Sunday, July 12, 2015

‎The Past Exonerative

  “Living in the past exonerative tense, as in 'mistakes were made'”

tarnished
held together by dissent
by heterogeny
one concept a day

face first
freckled & wan

she wrote in Singlish
physical loops
learning to spit, to dance
to destroy horizon

Saturday, July 11, 2015

Wound of Spirit: Hegel's rotten body

"A writer who doesn't have a wound that's always open is no writer for me." -Canetti

"Hegel was never more wrong than when he wrote 'the wounds of the Spirit heal and leave no scars behind'." -Shaviro

Here, courtesy darkecologies is Zizek's attempt to get rid of Hegel's rotten body.  I want to say blah blah blah. That's also a Z quote.
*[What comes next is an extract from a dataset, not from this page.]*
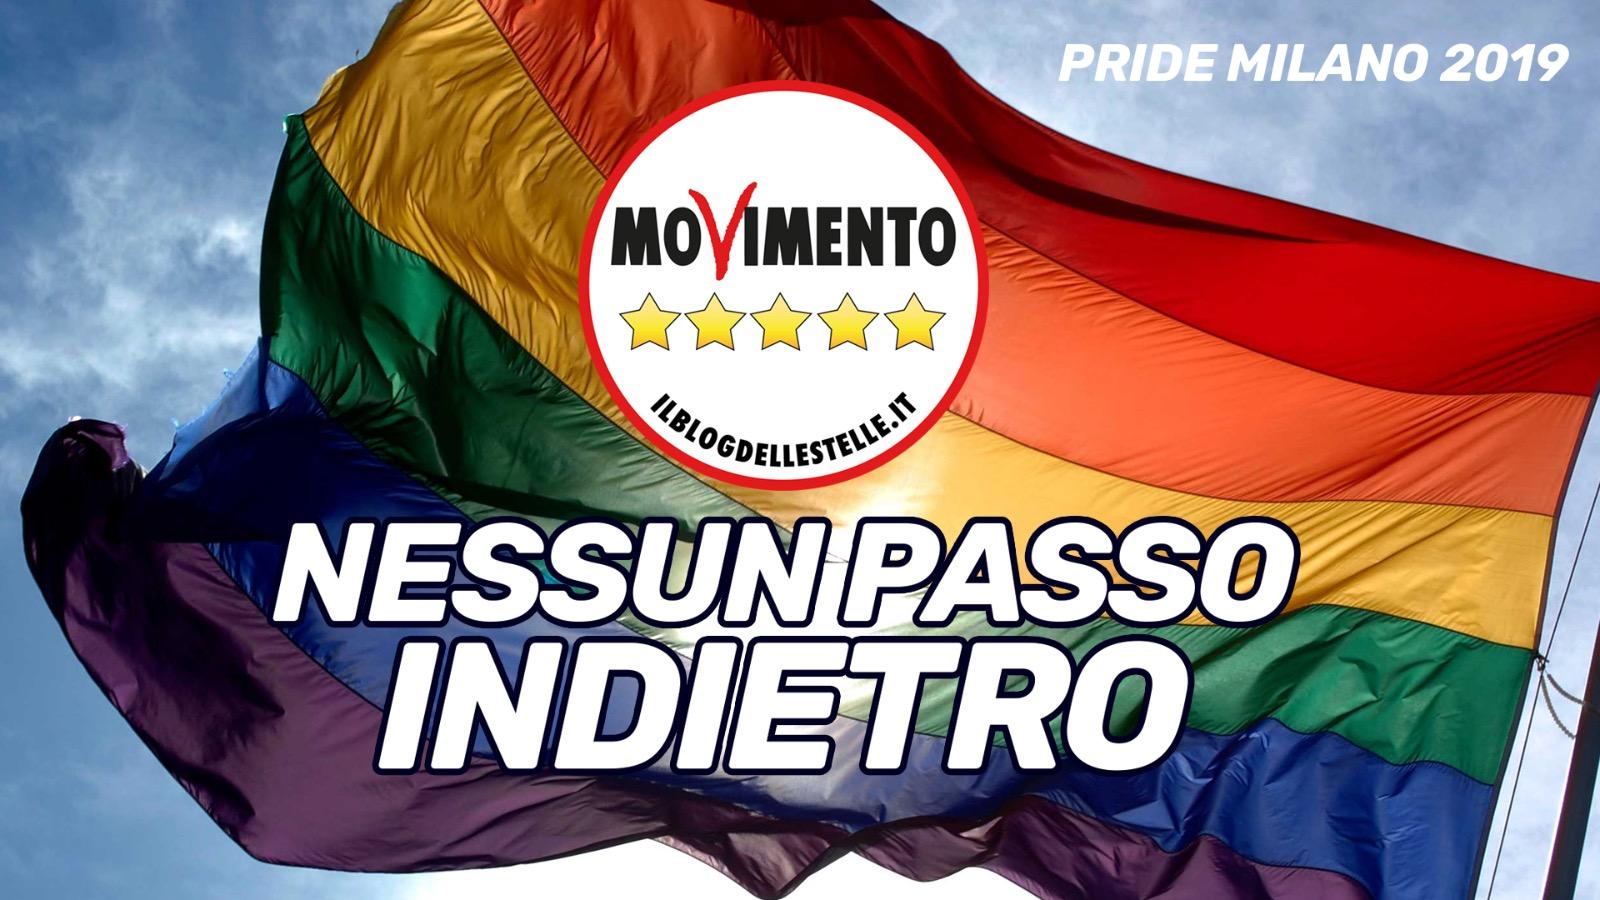 Milano Pride 2019, ci saremo.

Spirit’s return-to-itself creates the very dimension to which it returns. What this means is that the “negation of the negation ,” the “return-to-oneself” from alienation, does not occur where it seems to: in the negation of the negation, Spirit’s negativity is not relativized, subsumed under an encompassing positivity; it is, on the contrary, the “simple negation” which remains attached to the presupposed positivity it has negated, the presupposed Otherness from which it alienates itself, and the negation of the negation is nothing but the negation of the substantial character of this Otherness itself, the full acceptance of the abyss of Spirit’s self-relating which retroactively posits all its presuppositions. In other words, once we are in negativity, we can never leave it and regain the lost innocence of the origins; in the “negation of the negation” the origins are truly lost, their very loss is lost, they are deprived of the substantial status of that which has been lost. Spirit heals its wound not directly, but by getting rid of the full and sane Body into which the wound was cut. It is in this precise sense that, according to Hegel, “the wounds of the Spirit heal, and leave no scars behind.”  His point is not that Spirit heals its wounds so perfectly that, in a magical gesture of retroactive sublation, even the scars disappear; the point is rather that, in the course of the dialectical process, a shift of perspective occurs which makes the wound itself appear as its opposite— the wound itself is its own healing when seen from another standpoint.